A Handful of Mischief: New Essays on Evelyn Waugh
Author(s): Donat Gallagher (Author), Ann Pasternak Slater (Author), John Howard Wilson (Author), Baron Alder (Contributor), Peter G. Christensen (Contributor), Robert Murray Davis (Contributor), D. Marcel DeCoste (Contributor), Patrick Denman Flanery (Contributor), Irina Kabanova (Contributor), Dan S. Kostopulos (Contributor), Lewis MacLeod (Contributor), John W. Mahon (Contributor), Richard W. Oram (Contributor)
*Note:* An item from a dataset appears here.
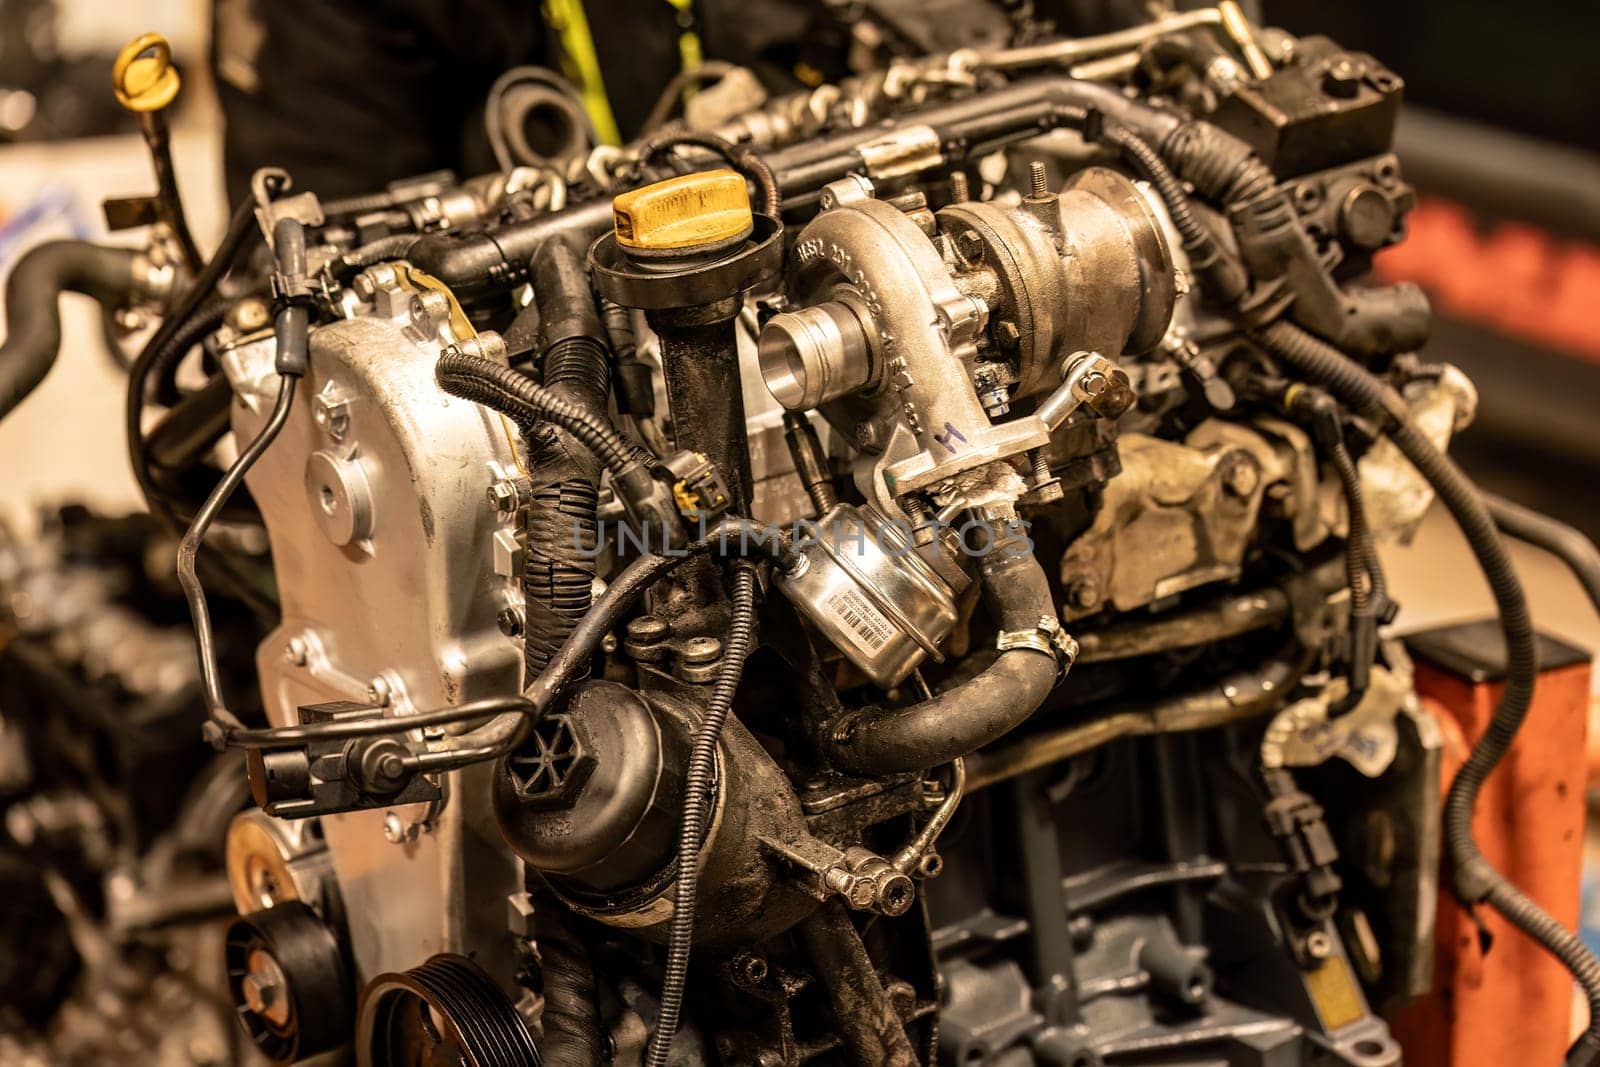 A photo capturing the intricate details of a dismantled car engine, exposing its inner workings.

- Publisher: Fairleigh Dickinson University Press
- Publication Date: 18 April 2011
- Language: English
- Print length: 256 pages
- ISBN-10: 161147048X
- ISBN-13: 9781611470482
Book Description
A Handful of Mischief: New Essays on Evelyn Waugh is a collection of essays based on presentations at the Evelyn Waugh Centenary Conference at Hertford College, Oxford, in 2003. There are twelve different essays by authors from various countries, including Australia, Canada, Russia, the United Kingdom, and the United States. The essays cover a wide range of material, from Waugh’s early novel Black Mischief (1932) to his last travel book, A Tourist in Africa (1960). In addition to essays on well-known novels such as Scoop (1938), Brideshead Revisited (1945), and Helena (1950), the collection includes papers on Waugh’s library, his changing conception of Oxford, his writing about religious conversion, and his role in the British evacuation of Crete in 1941. The authors approach Waugh and his work in various ways, and innovative essays explore sovereignty, post-colonialism, and adaptation for radio. Contributors: Baron Alder, Peter G. Christensen, Robert Murray Davis, Marcel DeCoste, Patrick Denman Flanery, Donat Gallagher, Irina Kabanova, Dan S. Kostopulos, Lewis MacLeod, John W. Mahon, Richard W. Oram, Ann Pasternak Slater, John Howard Wilson.
Editorial Reviews
Review
Pasternak Slater usefully explores the many ways reversal can play out, and relates the literary procedure to Waugh’s own real-life experiences in Abyssinia. ― Evelyn Waugh Studies
About the Author
Donat Gallagher teaches in the English Department of James Cook University in North Queensland. Ann Pasternak Slater is the Eardley-Wilmot Fellow in English at St Anne’s College, Oxford. John Howard Wilson is associate professor of English at Lock Haven University of Pennsylvania.